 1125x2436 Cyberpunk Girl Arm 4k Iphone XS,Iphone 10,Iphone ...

-- -- --

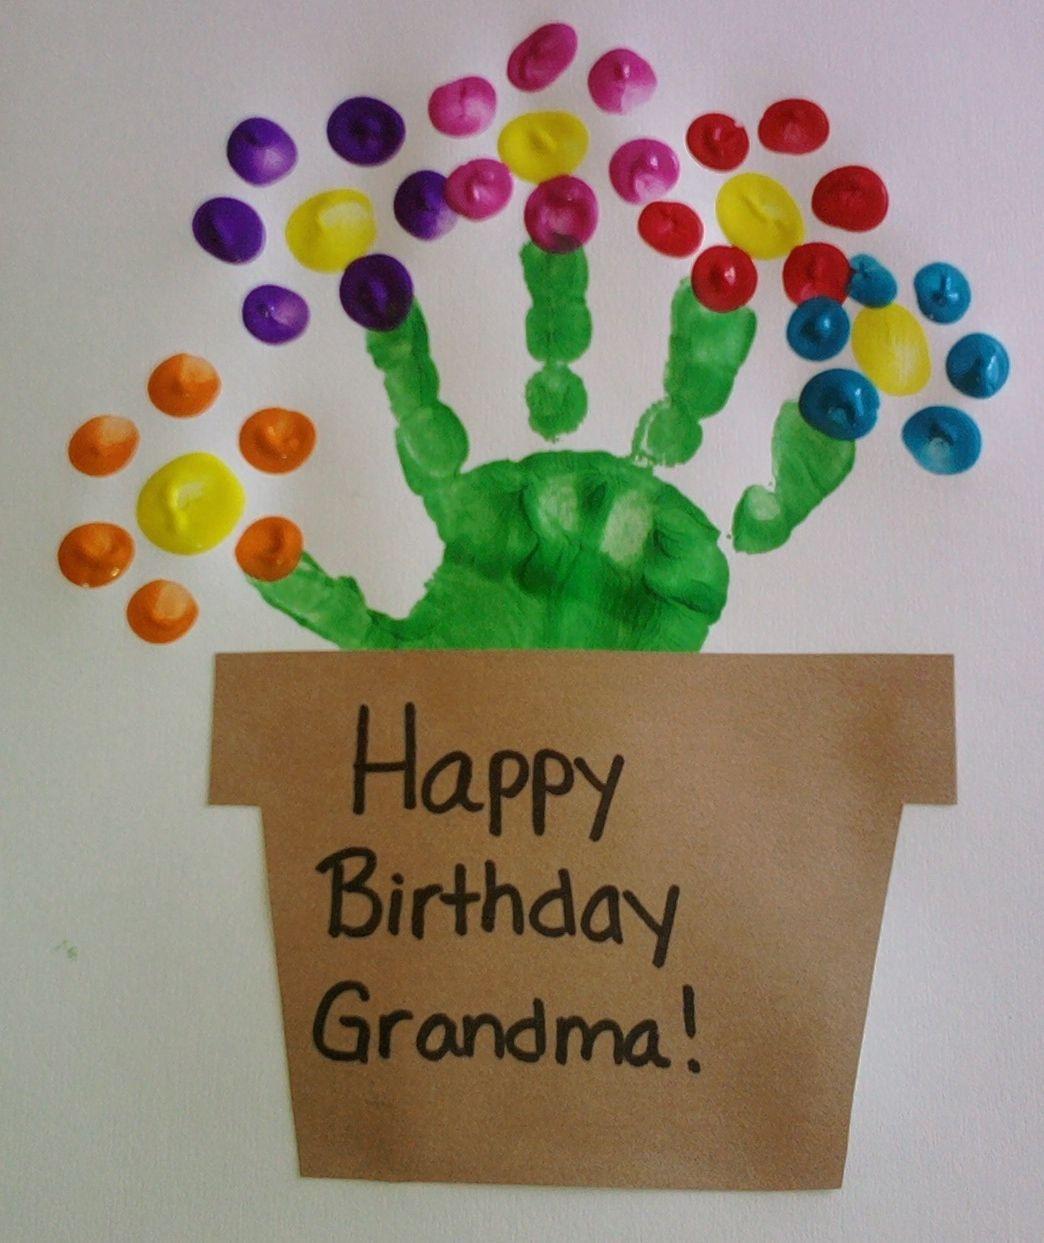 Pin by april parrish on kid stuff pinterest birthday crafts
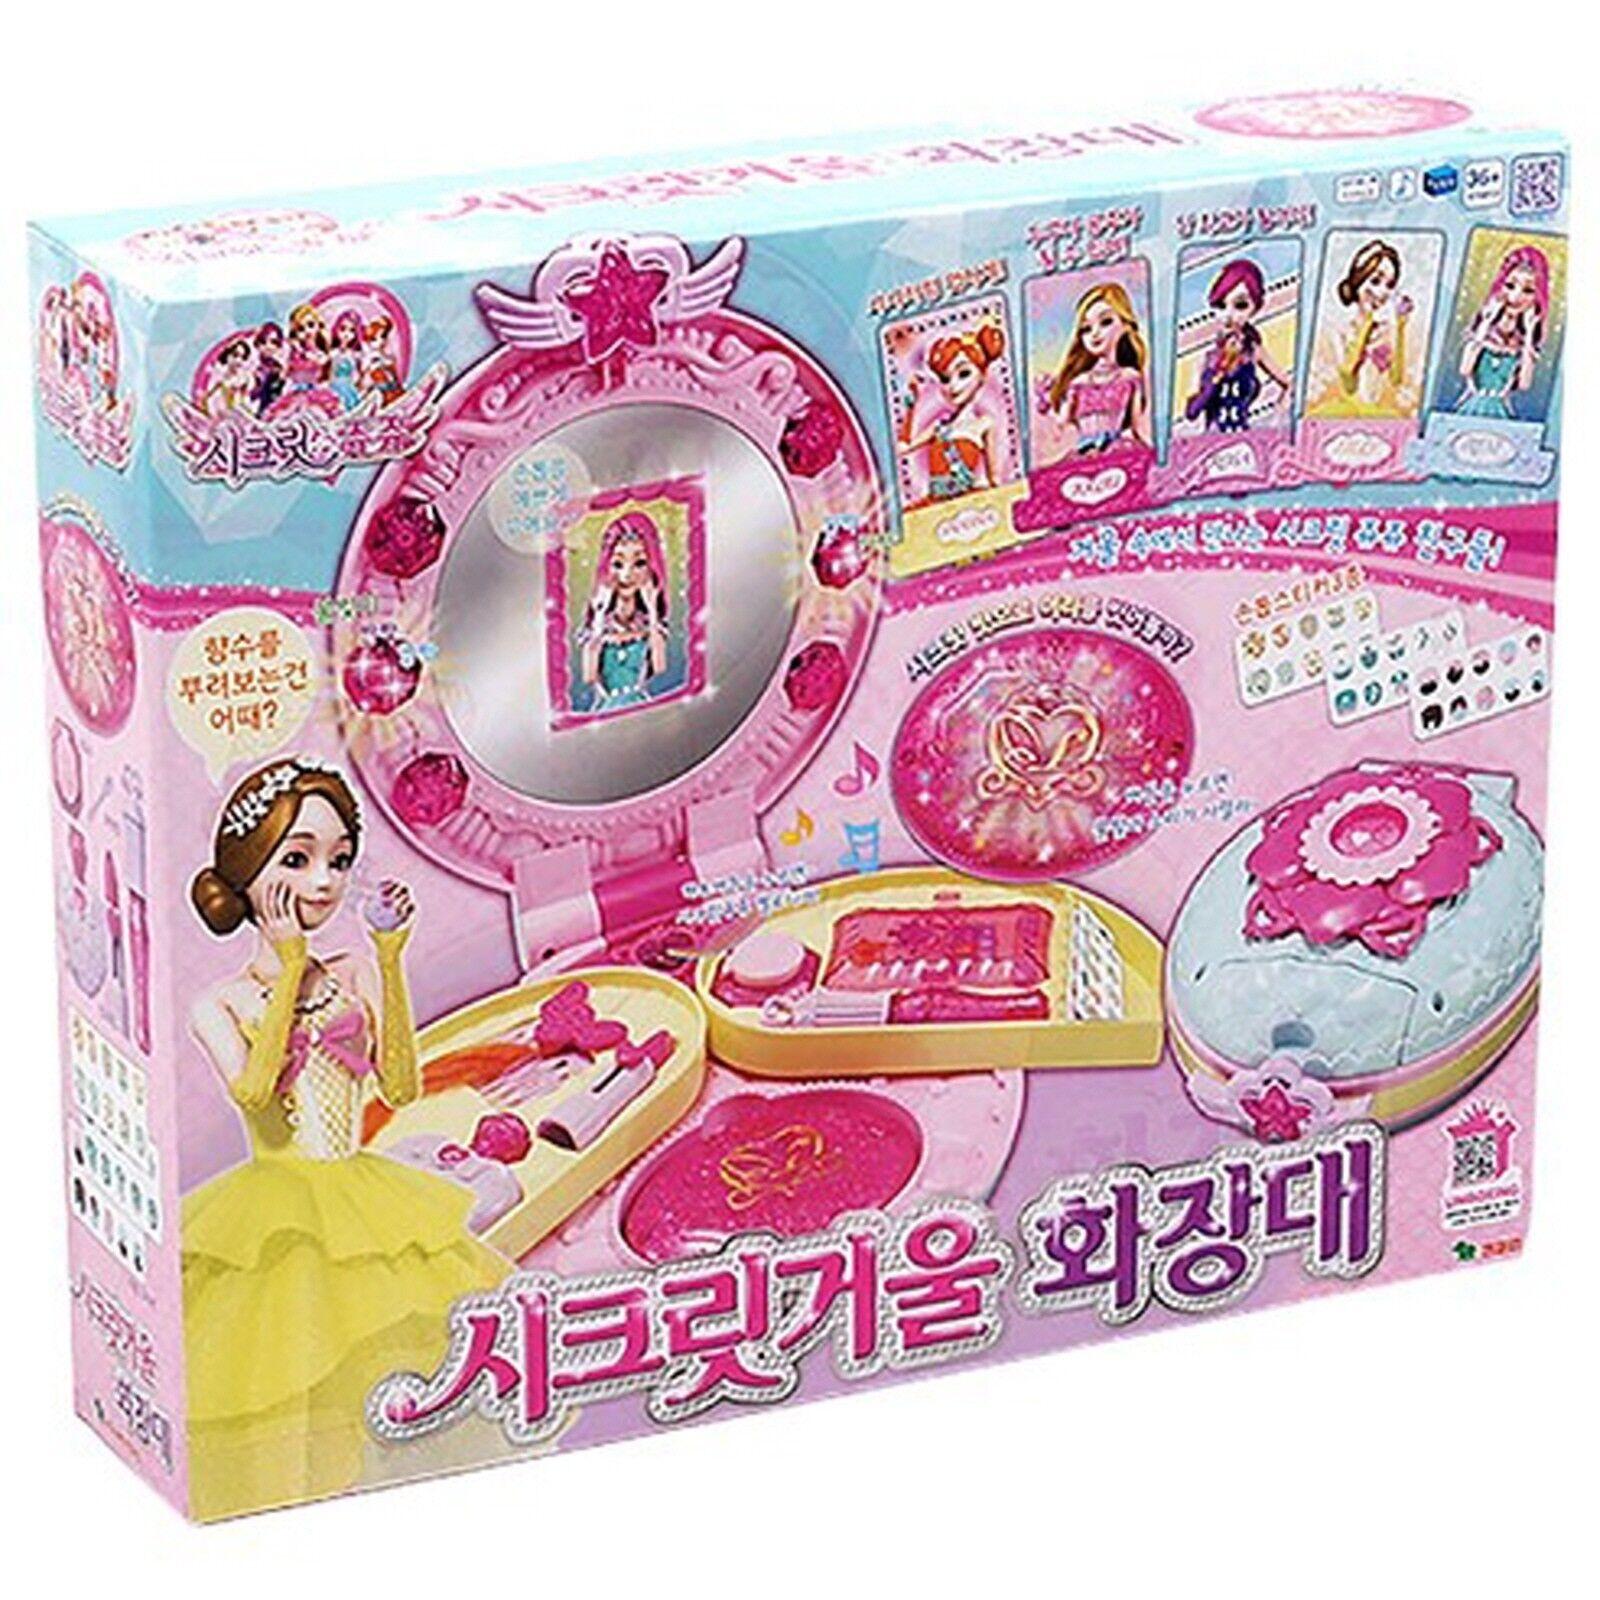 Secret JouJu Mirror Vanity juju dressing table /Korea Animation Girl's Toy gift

-- -- --

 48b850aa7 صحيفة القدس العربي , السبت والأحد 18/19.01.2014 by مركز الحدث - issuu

-- -- --

● **ABOUT THIS EXERCISE**:
Reproduce word for word, with pictures dropped, only the part of the material above that opens with the line containing "Pin by april" and closes with the line containing "Secret JouJu Mirror".

● **ANSWER BOX**:
 Pin by april parrish on kid stuff pinterest birthday crafts
 Secret JouJu Mirror Vanity juju dressing table /Korea Animation Girl's Toy gift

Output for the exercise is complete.